Keywords

1 Introduction

On the last decades, the efficiency of management decisions has been representing an increase in the economic success of enterprises. Credit granting decisions became part of this scenario.

The development and use of more efficient mechanisms for credit analysis and defaulting predictions have been representing fundamental issues for the commercial success of financial enterprises [2, 8, 9].

The use of predictive models for credit analysis has been implemented by the so-called credit scoring systems [1]. These systems, based upon recent customers’ historical data in financial relationship with enterprises, can provide customers’ different scores, allowing adequate analysis for credit decisions [10].

This research tackles the case study of a Brazilian retailer enterprise with hundreds of stores spread around the country, providing its customers with credit cards.

Typically, a credit-seeking candidate may go to a store and request a credit card, which can be used for shopping or acquiring services.

Once the credit is granted, a customer can then perform credit card transactions or obtain some personal loans, being limited to a predetermined credit profile.

The objective of the enterprise is to develop a system that allows to identify credit defaulting customers, among other available functionalities. The system uses data mining algorithms for customer defaulting predictions.

In order to improve the performance of several algorithms that presented unsatisfactory results, using demographic variables, with the Area Under Curve—Receiver Operating Characteristic (AUC-ROC) value = 0.9, we investigated which additional attributes must be used for better defaulting predictions.

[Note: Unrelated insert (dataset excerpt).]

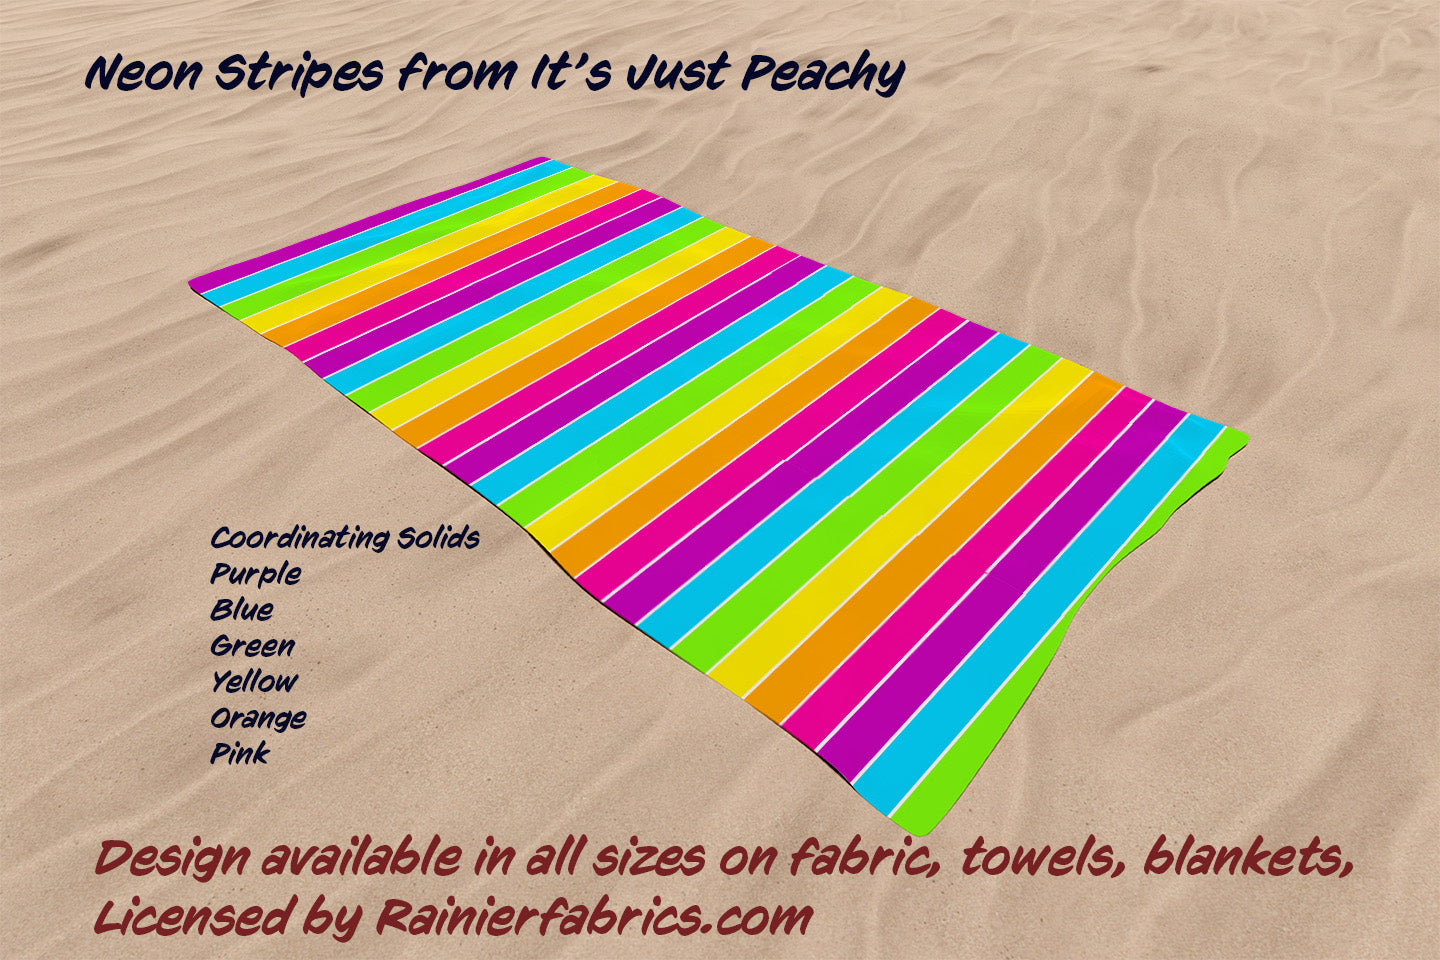 Neon Stripes from It's Just Peachy Designs - 2-5 day turnaround - Order by 1/2 yard; Description of bases below

The main contribution of this article was the verification that additional financial and behavioral data increase defaulting prediction performance on credit granting.

The rest of this article is organized as follows: Sect. 41.2 presents a survey on behavioral and financial attributes used for credit granting; Sect. 41.3 describes experiments using the logistic regression and others classifiers and its results; finally, Sect. 41.4 presents some conclusions, recommendations and suggestions for future work.

2 Data Set Assessment

The choice and definition of data sets to be used in the defaulting prediction was a non-trivial process and the data quality has been influenced by the performance of the used algorithm. For this investigation, a sample of the data set was used and validated by the enterprise.

The initial data consisted of 6158 records, with 4461 related to the non-defaulting customers and 1696 related to defaulting customers.

The sample data set contains eight attributes: income (customer’s income); gender (customer’s gender); mar_status (customer’s marital status); dependents (number of customer dependents); residence (customer residence type); points (customer’s internal score value); ext_credit_lim (customer credit limit for external transactions); and default (the target class, classifying the customer as defaulting or non-defaulting).

2.1 Predictive Variables Used in Credit Scoring Systems from the International Literature

In the survey of the international specialized literature carried out by Hörkkö [7], involving 11 scientific articles, it was reported the predictive variables used for the development of theoretical and practical applications of credit scoring. Table 41.1 shows a tabulation by frequency of the variables identified within the research carried out.

Table 41.1 List of variables discovered in the international specialized literature survey carried out by Hörkkö (2010), tabulated by frequency

In another survey of the international specialized literature, Delamaire [4] has elaborated a more in-depth research, involving 35 scientific articles, in which he has identified the predictive variables used for the development of credit scoring applications. Table 41.2 shows a frequency tabulation of the attributes identified in the investigation.

Table 41.2 List of variables discovered in the international specialized literature survey carried out by Delamaire (2012), tabulated by frequency

From this review, Delamaire [4] has concluded that the attributes used by researchers in credit scoring applications are different, depending upon the credit institution that provides the data.

However, socio demographic attributes such as income, age, marital status, type of housing, type of employment, number of dependents (children), or residence time at the current address are often mentioned.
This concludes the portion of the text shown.